# Age of Empires sur MBP 2018



## Ulysse191 (9 Janvier 2020)

Bonjour,

Féru de la saga Age of Empires depuis ses débuts en 1997, je suis bien peiné car je n'ai plus de PC digne de ce nom pour faire tourner la nouvelle version que je souhaite acquérir.

Du coup, j'avais espoir de la faire fonctionner sur mon MBPro 15" 2018.

Mais, d'après le site Steam, c'est uniquement faisable sur Windows 10.

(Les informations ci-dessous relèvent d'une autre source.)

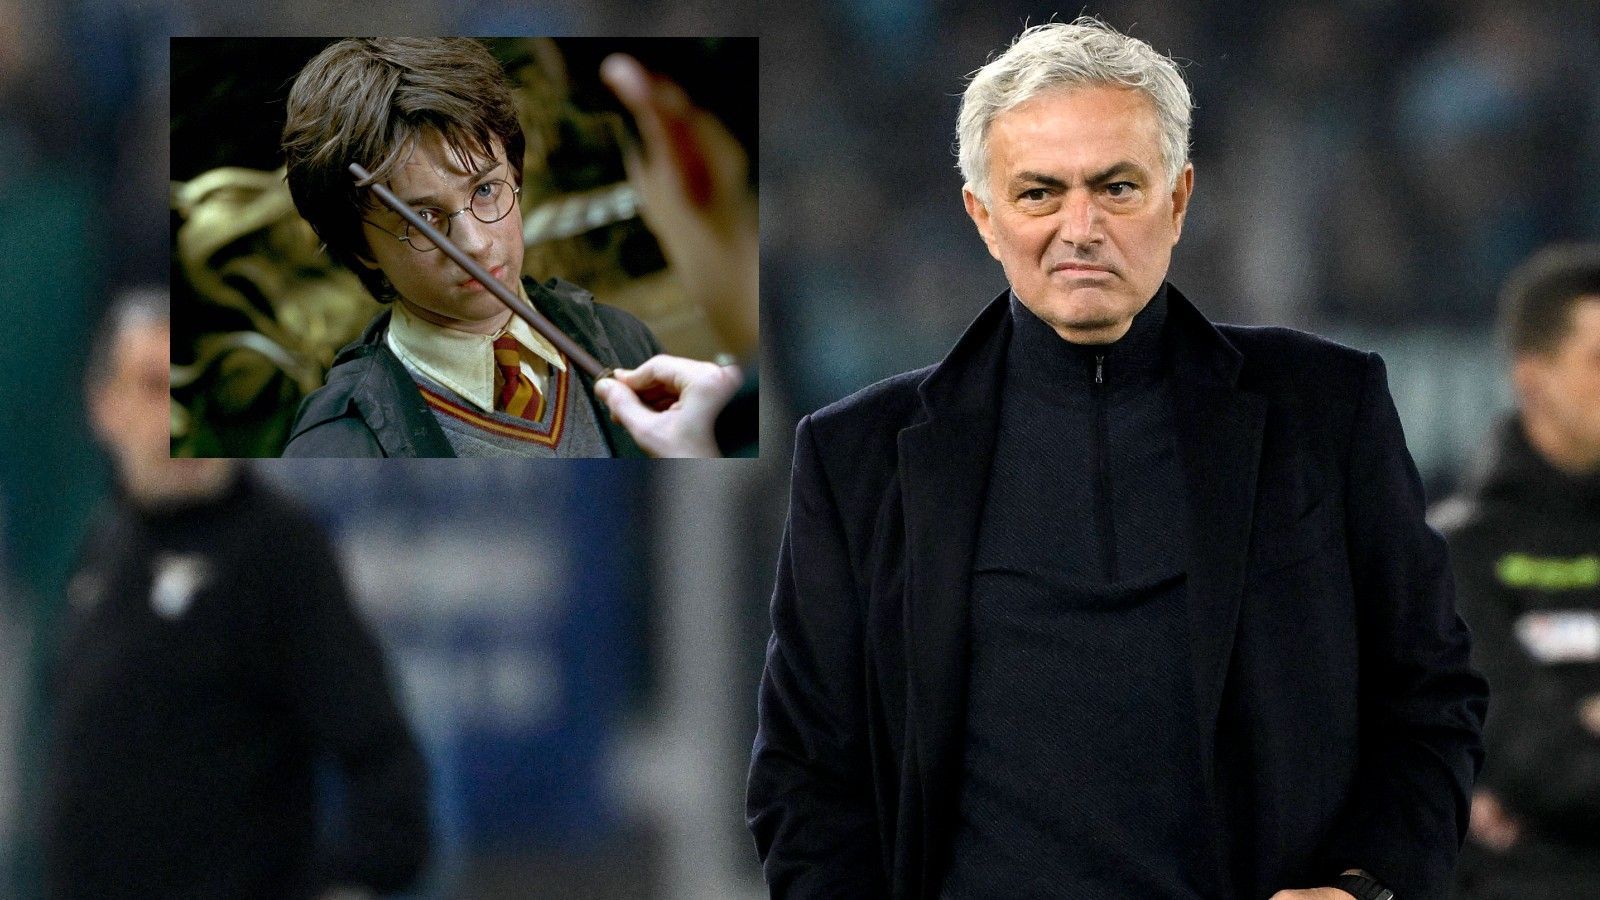 <strong>Mourinho vergleicht sich mit Harry Potter</strong><br>Jose Mourinho zeigt sich gewohnt demütig. Der mittlerweile ehemalige Coach der AS Rom hat sich als "Jose 'Harry Potter' Mourinho" bezeichnet. Damit wollte der Portugiese nach der Pokalpleite gegen Lazio andeuten, dass sich die Erwartungen an das, was der Verein erreichen kann, seit seiner Ankunft erhöht haben....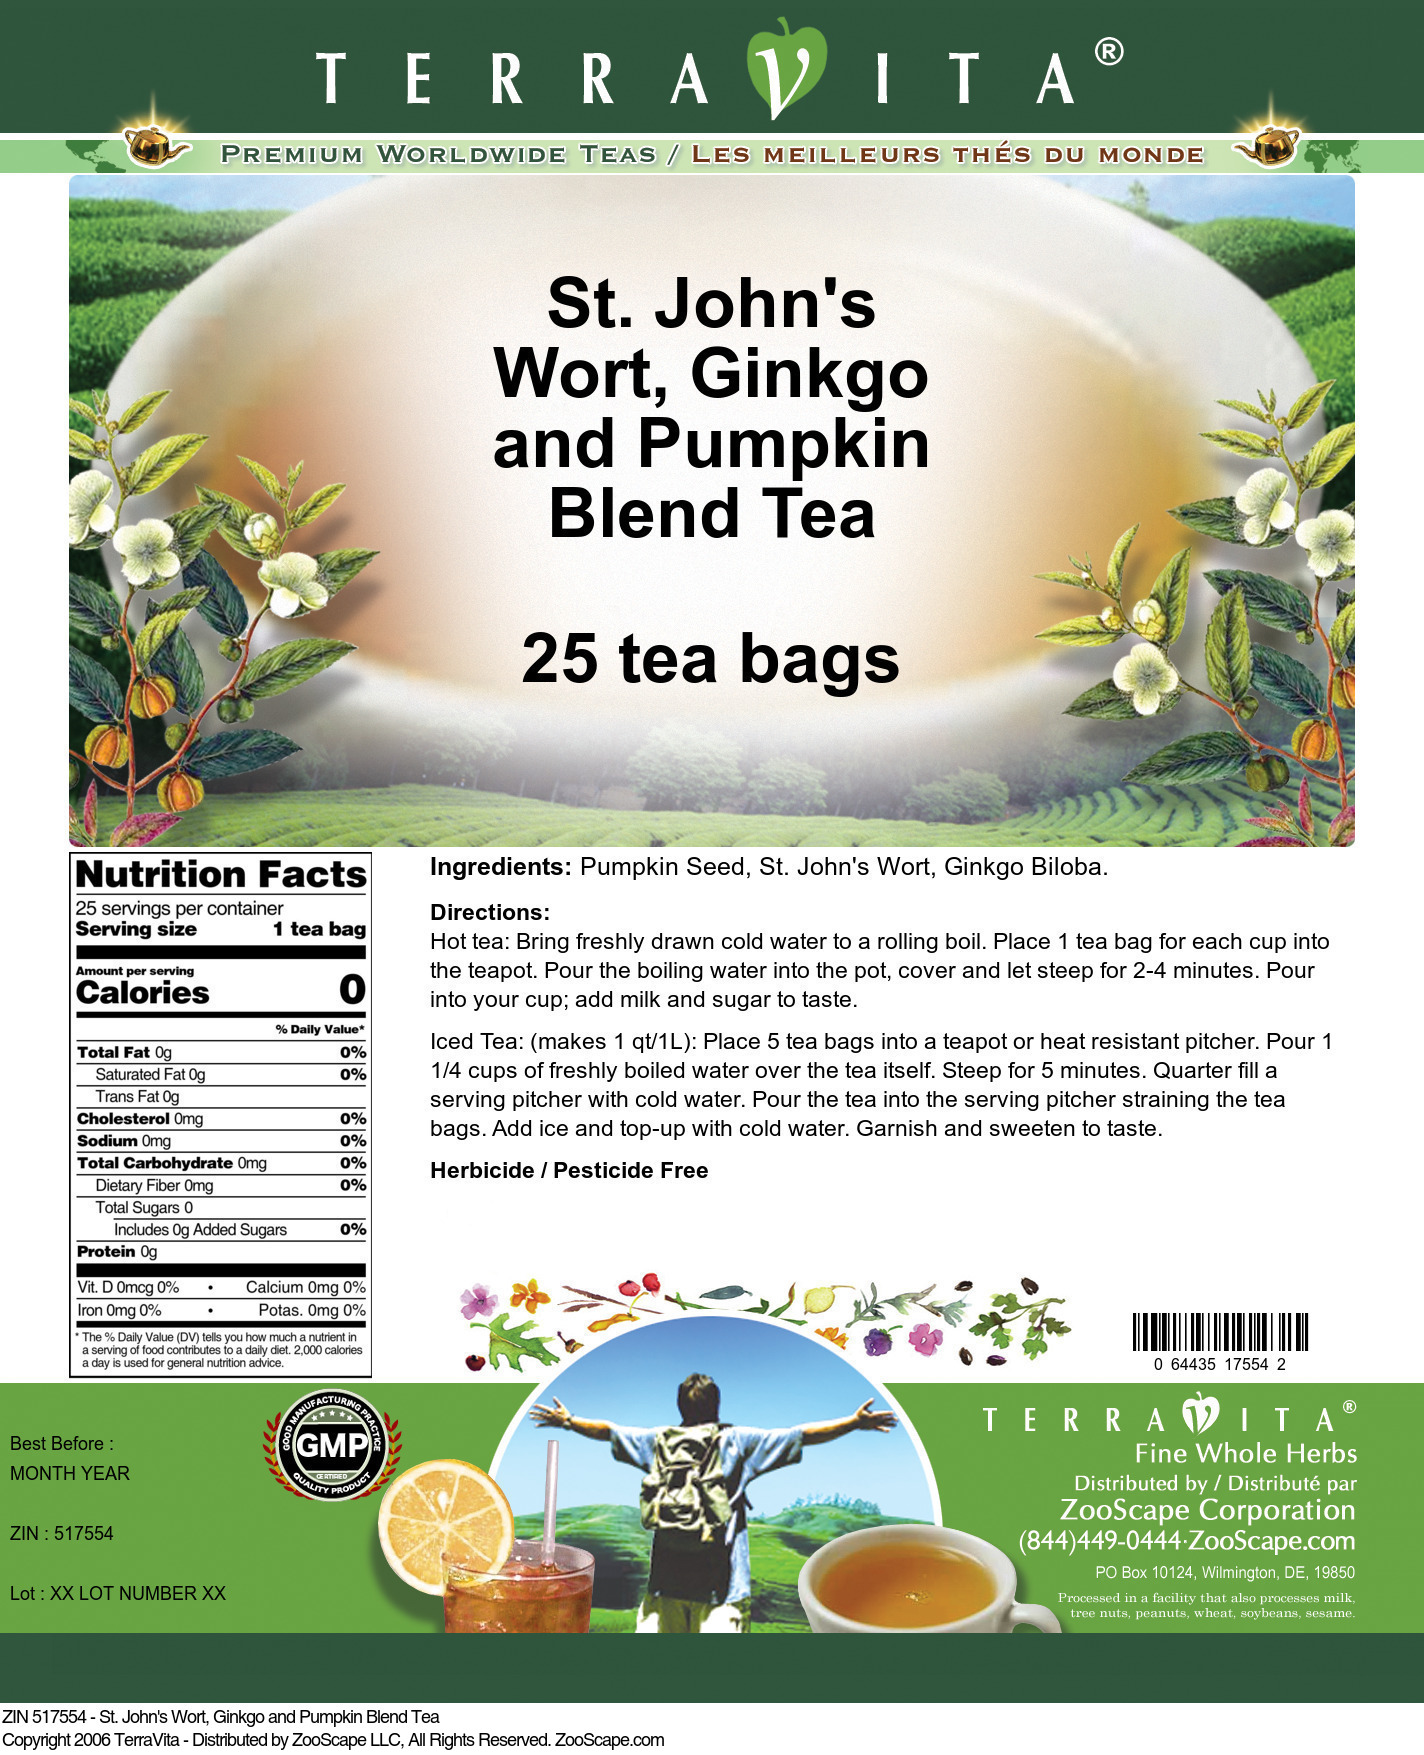 St. John's Wort, Ginkgo and Pumpkin Blend Tea - Label

De fait, un boot camp est-il faisable ?

Des conseils, des avertissements ?

Ou alors, dois-je tenter sur mon vieux PC portable (de 2011 ou 2012, je crois) ou acheter une console ?

Merci.


----------



## mokuchley (9 Janvier 2020)

boot camp utilise toute la puissance de votre mac; c'est donc preferable face au logiciel comme parallele desktop.


----------



## Ulysse191 (9 Janvier 2020)

mokuchley a dit:


> boot camp utilise toute la puissance de votre mac; c'est donc preferable face au logiciel comme parallele desktop.



Merci.

Donc ça devrait quand même fonctionner ?


----------



## mokuchley (9 Janvier 2020)

je ne joue pas pour estimer la valeur des macs sur les jeux qui exploitent toute la puissance du mac.
par contre j'ai toujours entendu que les macs ne sont pas creer pour les jeux video
et quand je vois apple arcade !!!....


----------



## Ulysse191 (9 Janvier 2020)

mokuchley a dit:


> je ne joue pas pour estimer la valeur des macs sur les jeux qui exploitent toute la puissance du mac.
> par contre j'ai toujours entendu que les macs ne sont pas creer pour les jeux video
> et quand je vois apple arcade !!!....



Ok.


----------